Even stronger evidence is coming from photos of volcanic zones that appear to be pyroclastic flows. On Earth, such flows are the deadliest of volcanic eruptions: fast-moving clouds of superheated ash that travel downhill at enormous speeds, searing everything in their paths. On Mercury there's nothing to scorch, but MESSENGER has seen flows whose smooth contours certainly look like pyroclastics
.
What's interesting about this is that pyroclastic flows are like ground-effect vehicles for lava: to occur, they require magma with a lot of dissolved gas. “We're getting an intriguing look that even as close to the Sun as Mercury, there may be some process for delivering and retaining volatiles to the interior,” Solomon says.
* * * *
Lava, Lava Everywhere
Pyroclastic flows aren't the only type of volcanism on Mercury. Like the Moon and Mars (and presumably the early Earth) large portions of its surface appear to be lava.
This might not seem like a particularly important finding: we'd known since Mariner 10 that Mercury has lots of flat plains, both between craters and on the crater floors. They certainly look a lot like lava flows. But appearances can deceive. We got a good lesson about that during the Apollo landings on the Moon, cautions James Head III, a geologist from Brown University, who notes that areas thought to be volcanic plains turned out to be impact breccia (rock melted and reformed by the heat of the impact). Nor did the Mariner 10 photos reveal any signs of volcanic vents or sinuous lava flows—the traditional smoking guns for proving that a plain is comprised of lava rather than something else.
In an effort to resolve this, Head and a group of colleagues even went so far as to attempt to prove it was impossible to create a terrestrial-style planet without volcanism. Unfortunately, he says, “we found that it's actually pretty easy."
MESSENGER, however, has resolved the stalemate. “I'm here to tell you as a volcanologist that we're saved,” Head said at the 2009 GSA meeting. “Mercury has significant evidence for volcanic activity."[8]
The evidence is a bit subtle: nobody suddenly found an Olympus Mons or Mt. Fuji rising thousands of feet above the plains.
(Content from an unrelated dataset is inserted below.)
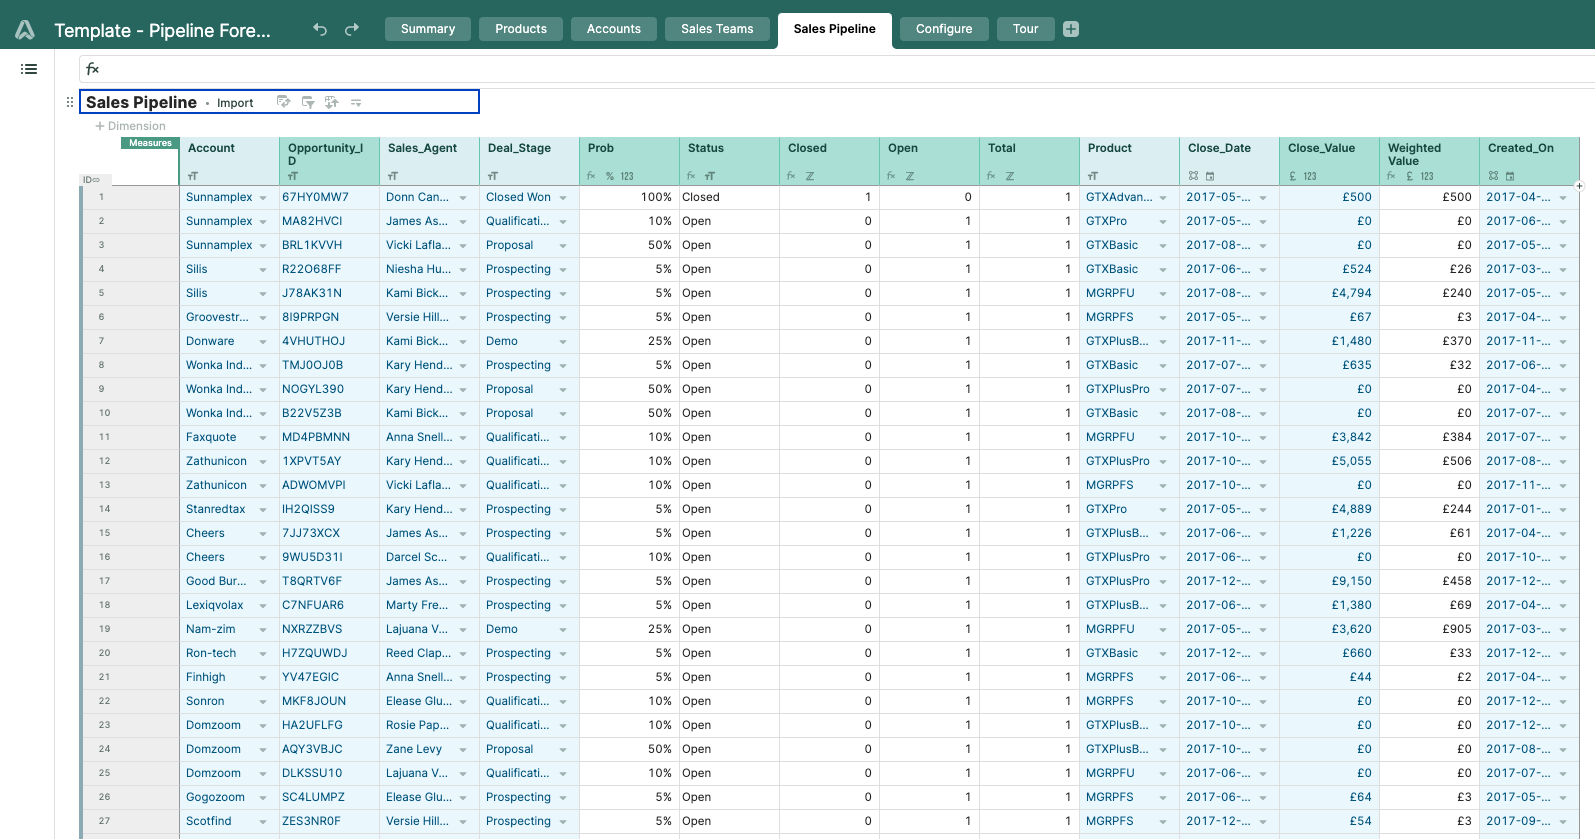 Sales Pipeline Forecast Template - easily import data from your CRM.

Instead much of it comes from “embayments"—places where one feature appears to have lapped against the side of an older one.
Many of the newer images, for example, show the rings of small, partially buried craters rising above the otherwise smooth floors of big ones. That tells us a lot about the order in which things happened. First, there was the big crater. Then, subsequent impacts produce the smaller ones. After that, something flowed across its interior, partially burying them.
What this means is that the “something” can't have been formed by the process that created the original crater. It had to have come along afterward. That rules out impact melt and ejected debris. The only option we're left with is lava. We can even estimate its thickness (a couple of kilometers in some places) from the size of the partially buried features.
We see all sorts of features of this type, says Head. One of the most dramatic wasn't discovered until the third flyby (on September 29, 2009), so recently that it didn't even have a name when geologists discussed it at the GSA meeting. Instead, the MESSENGER scientists were informally dubbing it “Twin” because it looked a lot like a previously seen crater called Raditladi.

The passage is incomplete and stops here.